The best way to know the self is feeling oneself at the moments of reckoning. The feeling of being alone, just with your senses, may lead you to think more consciously. More and more of such moments may sensitize ‘you towards you’, towards others. We become regular with introspection and retrospection. We get ‘the’ gradual connect to the higher self we may name Spirituality or God or just a Humane Conscious. We tend to get a rhythm again in life. We need to learn the art of being lonely in crowd while being part of the crowd. A multitude of loneliness in mosaic of relations! One needs to feel it severally, with conscience, before making it a way of life. One needs to live several such lonely moments. One needs to live severallyalone.

Saturday 25 April 2015

APRIL 25 NEPAL EARTHQUAKE: HOW I FIRST REACTED?

  COLORES INFINITUM

I was in the washroom when it happened. Around noon, the ground started shaking.

First, as a natural reaction (yes, it is also a type with some folks), I thought I was feeling dizziness and it was stirring my whole body, the ground beneath me and the walls surrounding.

But soon, within seconds, the feeling of dizziness gave way to the feeling that I was facing tremors of an earthquake.

And it was a strong earthquake, if it was indeed a quake. It lasted for around two minutes. It shook me and the world around me pretty well.

I was at the ground floor. There were three stories above me. And I was in two minds.

As I had slept very late, the whole ‘world beneath and around and with me’ business could have been due to some ‘psychological response’ due to my dizziness.

But then, it lasted for around two minutes and was like a strong earthquake (as I had felt in the past), the logic of my dizziness was hanging around the other logic as well.

I felt its epicentre was not at a place nearby otherwise the building would have come down like a stack of cards even before I would get a chance to contemplate over it. After all, Delhi is in Zone 4, ecologically the second most quake-prone zone. Yes, but it should be a strong one as it stirred my soul.

I was even ready to die in case the building came down, if indeed it was an earthquake. Any effort to rush out, from the ground-floor washroom of the four-stories building of IP Extension, was futile because it would not give me that much time.

The time that I indeed got – to contemplate over it – to think - that made my mind thought in two ways.

So, overall, as my visage said, I was in two minds. I was attributing it to my dizziness and at the same time, I was thinking about a strong earthquake.

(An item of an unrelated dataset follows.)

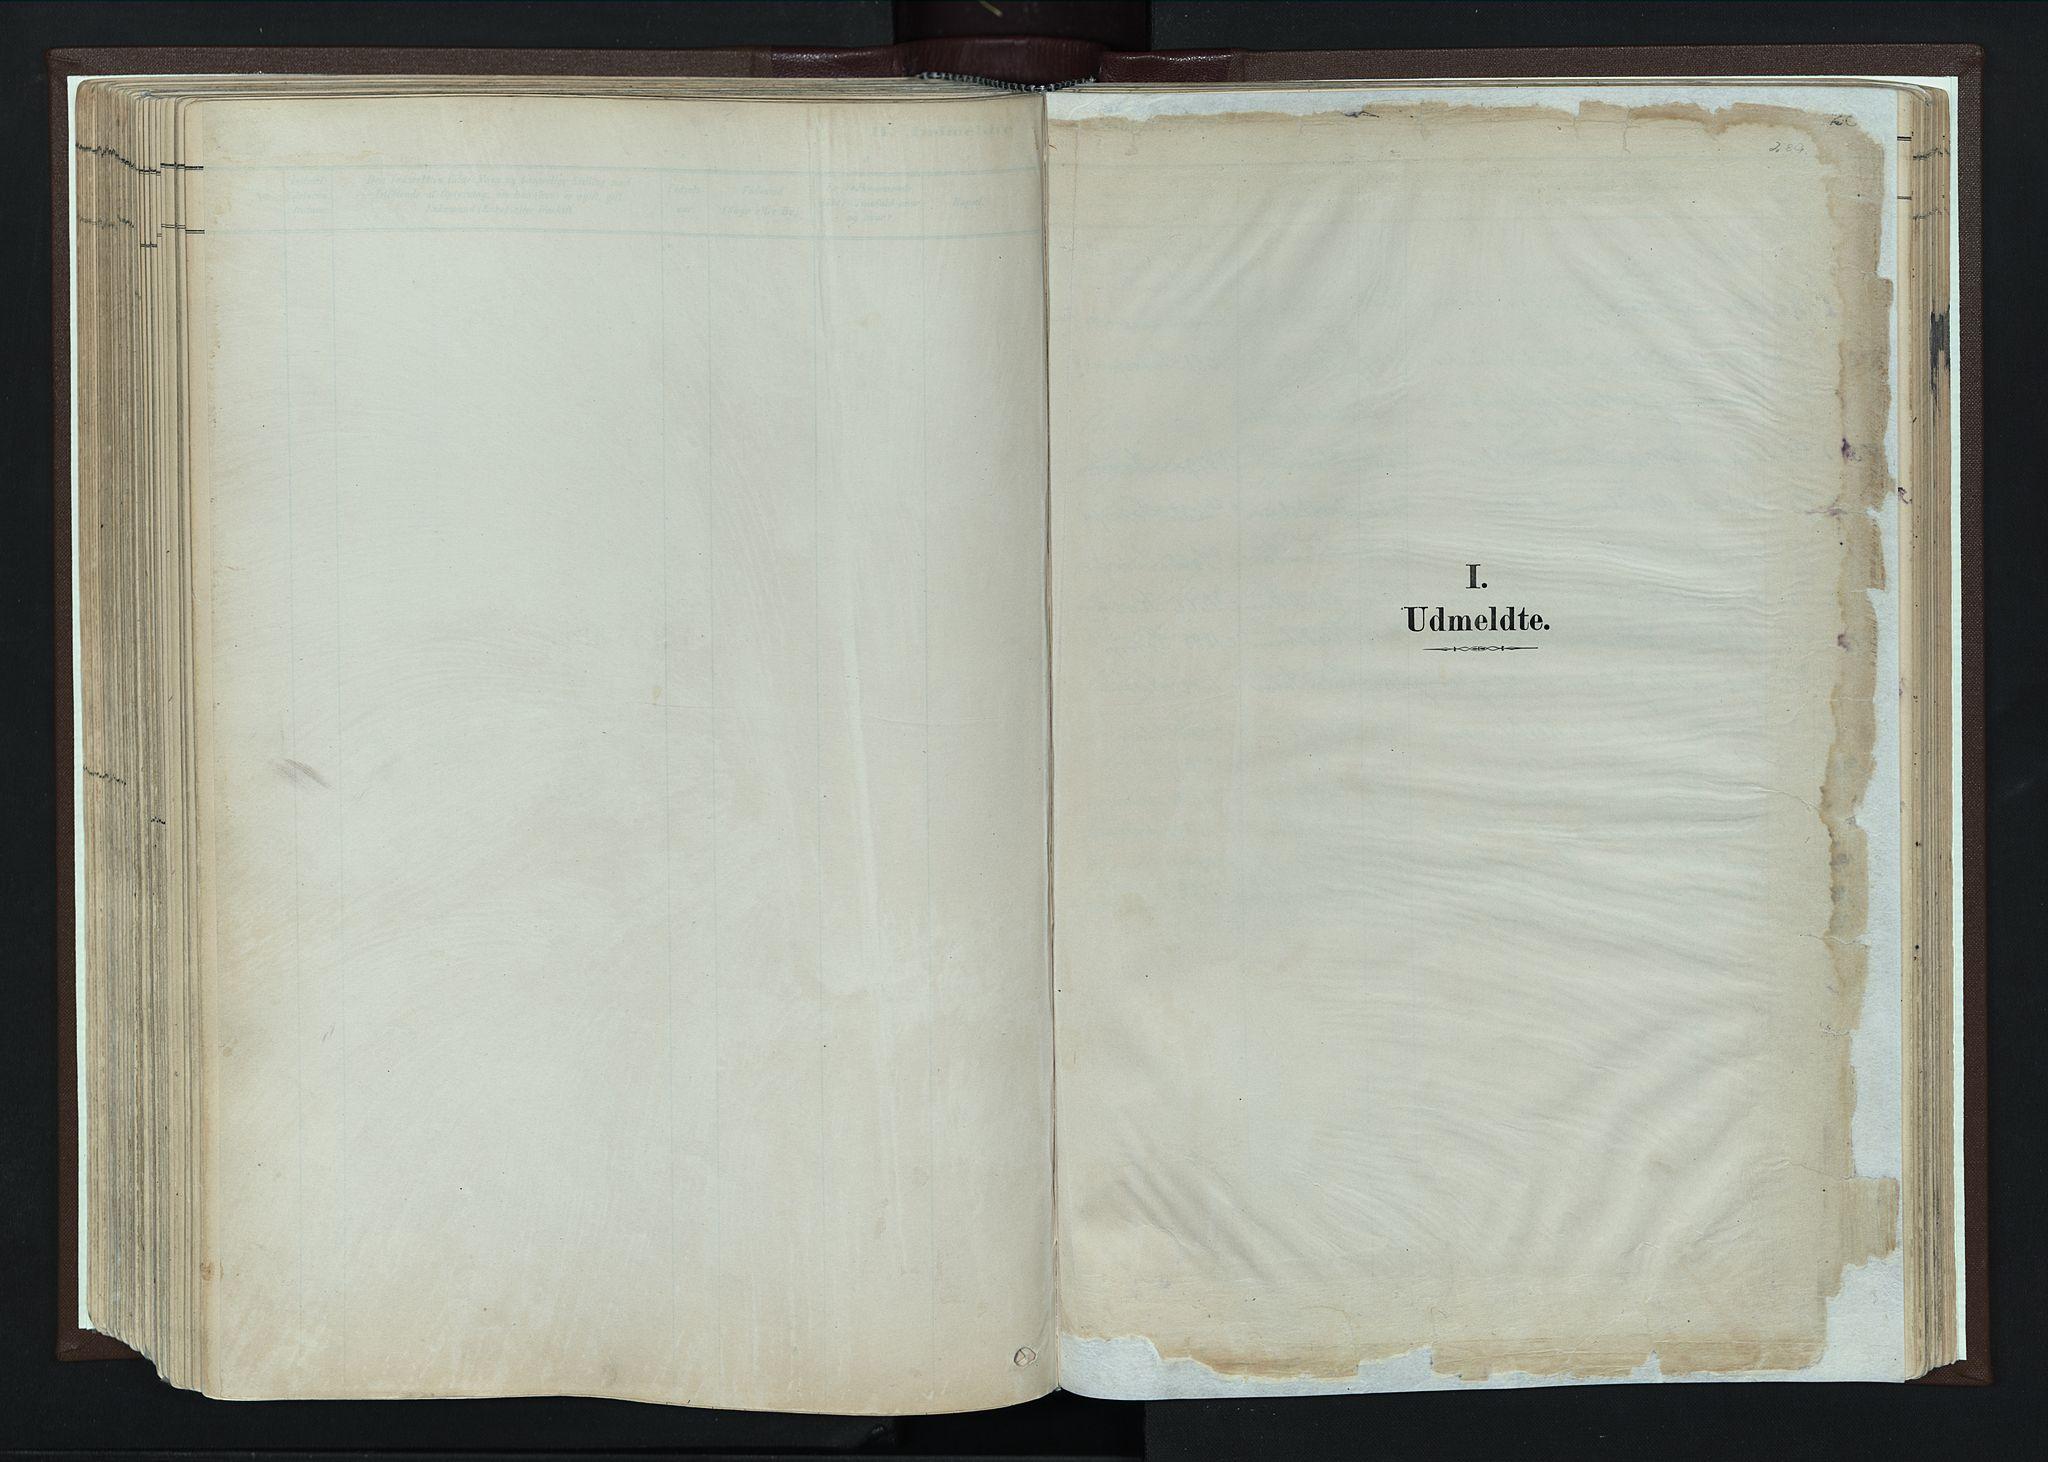 SAH, Nord-Fron prestekontor, Ministerialbok nr. 4, 1884-1914, s. 289

I came out of the washroom following my daily routine – with thoughts on these lines.

I decided to ask my younger sister and the kids of my elder sister if they felt anything like an earthquake. They were busy here and there and flatly denied experiencing it at all, except what they were doing.

So, my dizziness had an upper hand.

But the next moment, when I glanced over the news channel running on television that I had switched on before going to the washroom, the whole dizziness logic was squeezed out of my soul.

The earthquake was confirmed, a strong earthquake. The news channel was running the news of an earthquake and its shocks.

And like it happens, in case of a strong earthquake, there was an excess of information with problems of credibility leading to a sort of chaos.

The magnitude ranged from 7 to 7.5 and soon the US Geological Survey confirmed it. Its epicentre was said to be in Nepal and soon, the USGS confirmed it, saying it to be 36 Kms East of Lamjung district that is just 77 Kms from Kathmandu.

Every news channel was on it. After Nepal, it was felt strongly in India, especially in North India, with Bihar and West Bengal facing the maximum damage. News channels were running the preliminary footage while scrambling for the same. Social media was beginning to act on it.

Meanwhile, there were frantic calls to and from everyone in the family about safety and whereabouts of each of us in the family.

The information that it was indeed a strong earthquake then opened a floodgate of horror before my eyes. If it was felt so strongly across many parts of the India, what would it do to Nepal, a small impoverished Himalayan nation that is dependent on tourism to a large extent with Mount Everest, the highest point on Earth, on its land?